Obawy FOMC: inflacja i spowolnienie gospodarki
2007-04-12 09:41
Przeczytaj także: Akcje KGHM i GTC pomogły indeksowi WIG20
W USA giełdowi gracze od początku sesji mieli ochotę na realizację zysków. Nie pomogły bardzo dobre wyniki Alcoa. Cena tych akcji rosła, ale to przecież nie jest spółka reprezentatywna dla szerokiego rynku. Korekcyjne nastroje widać było po zachowaniu akcji Citigroup. We wtorek cena rosła po informacji o znacznej redukcji zatrudnienia, a w środę spadała podobno z tego samego powodu. Dla uzasadnienia spadku indeksów wymyślano różne wytłumaczenia, ale do momentu publikacji protokołu z ostatniego posiedzenia FOMC jedynym realnym powodem wyprzedaży była chęć zgarnięcia części zysku ze stołu. Zajmijmy się jednak tymi pretekstami.Mówiono na przykład, że duży spadek zapasów benzyny przed sezonem urlopowym wystraszył rynek. Tyle, że nie była to prawda, bo ropa po publikacji raportu o stanie zapasów rzeczywiście podrożała, ale bardzo szybko jej cena zaczęła spadać, a zakończenie dnia było całkowicie neutralne. Twierdzono też, że na rynek podziałała prognoza MFW, który obniżył prognozę wzrostu amerykańskiego PKB w tym roku do 2,2 proc. Tyle, że ja jeszcze chyba nigdy nie wiedziałem nawet drgnięcia indeksów po publikacji bardzo różnych prognoz MFW. Twierdziło się też, że dane o kolejnym, tygodniowym spadku ilości wniosków o kredyt hipoteczny wystraszyły rynek. Nie był on jednak tak bardzo strachliwy jeszcze kilka dni temu, kiedy to ostrzeżenia emitowały duże firmy deweloperskie. Faktem jest jednak, że te dane przyczyniły się do spadku cen akcji w sektorze budownictwa i finansowym.
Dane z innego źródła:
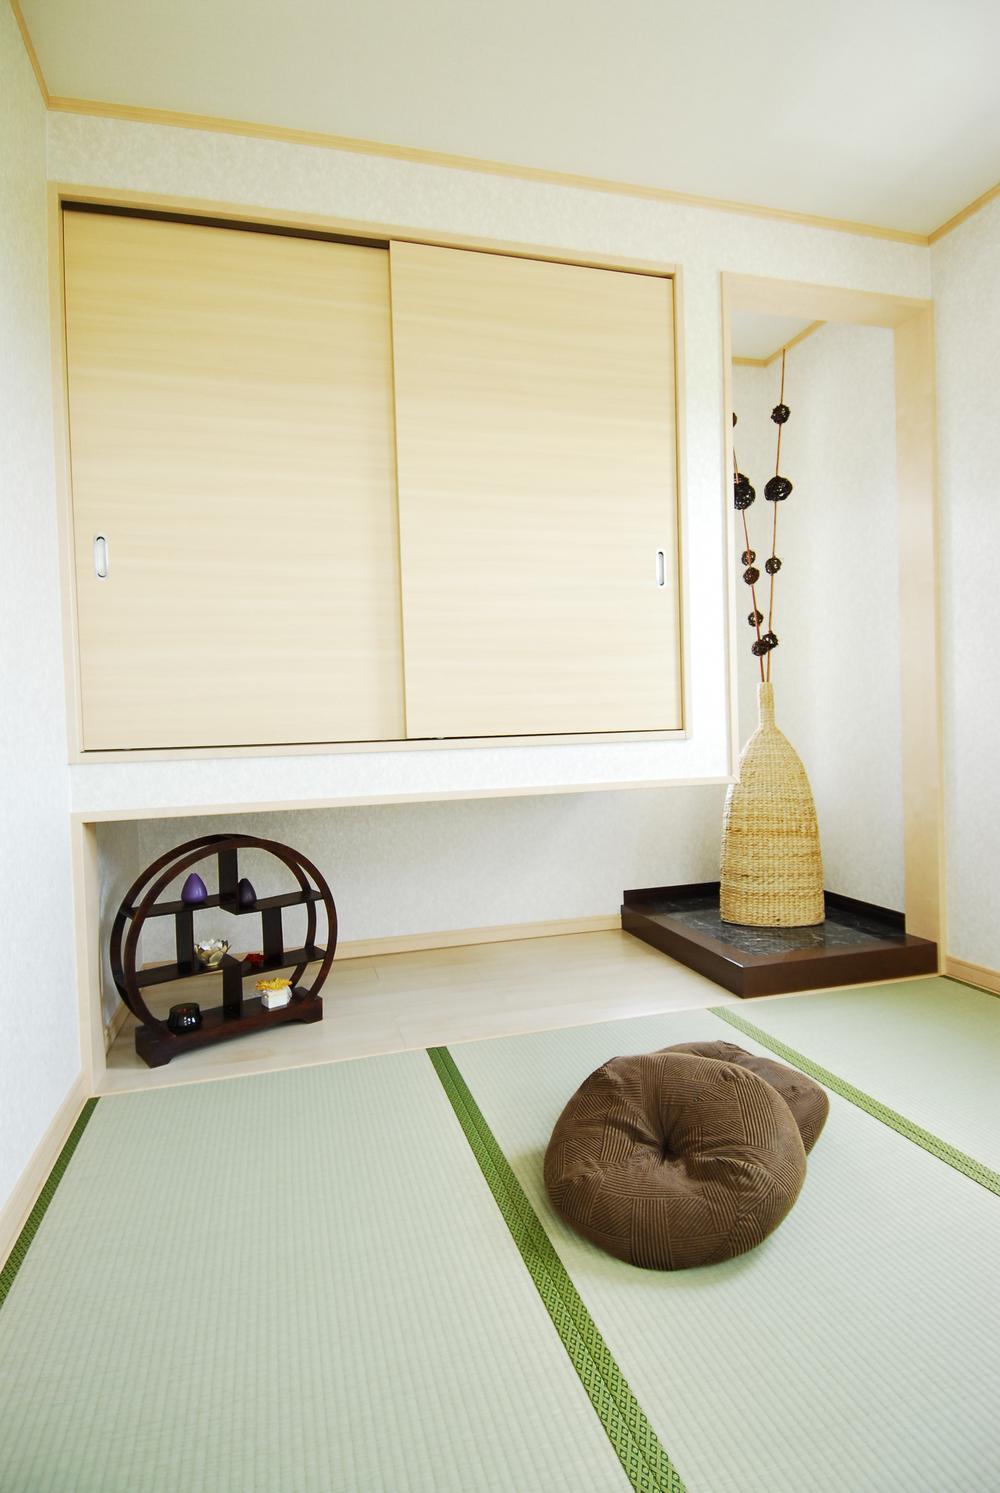 Same specifications photos (Other introspection). (10 Building) Japanese-style room

Po godzinnym spadku indeksy zaczęły się podnosić i po wystąpieniu Bena Bernanke, szefa Fed, były już bliskie poziomów z wtorku. Nie była to jednak zasługa szefa Fed, który mówił o funduszach hedżingowych. Twierdził, że sektor ten jest wystarczająco uregulowany, z czym zupełnie nie mogę się zgodzić. W sesji pytań i odpowiedzi zbagatelizował również możliwość przewalutowania chińskich rezerw walutowych. Nie to jednak jest ostatnio największym zmartwieniem graczy. Boją się oni tylko inflacji i recesji i te właśnie obawy zostały wzmocnione po opublikowaniu protokołu z ostatniego posiedzenia FOMC.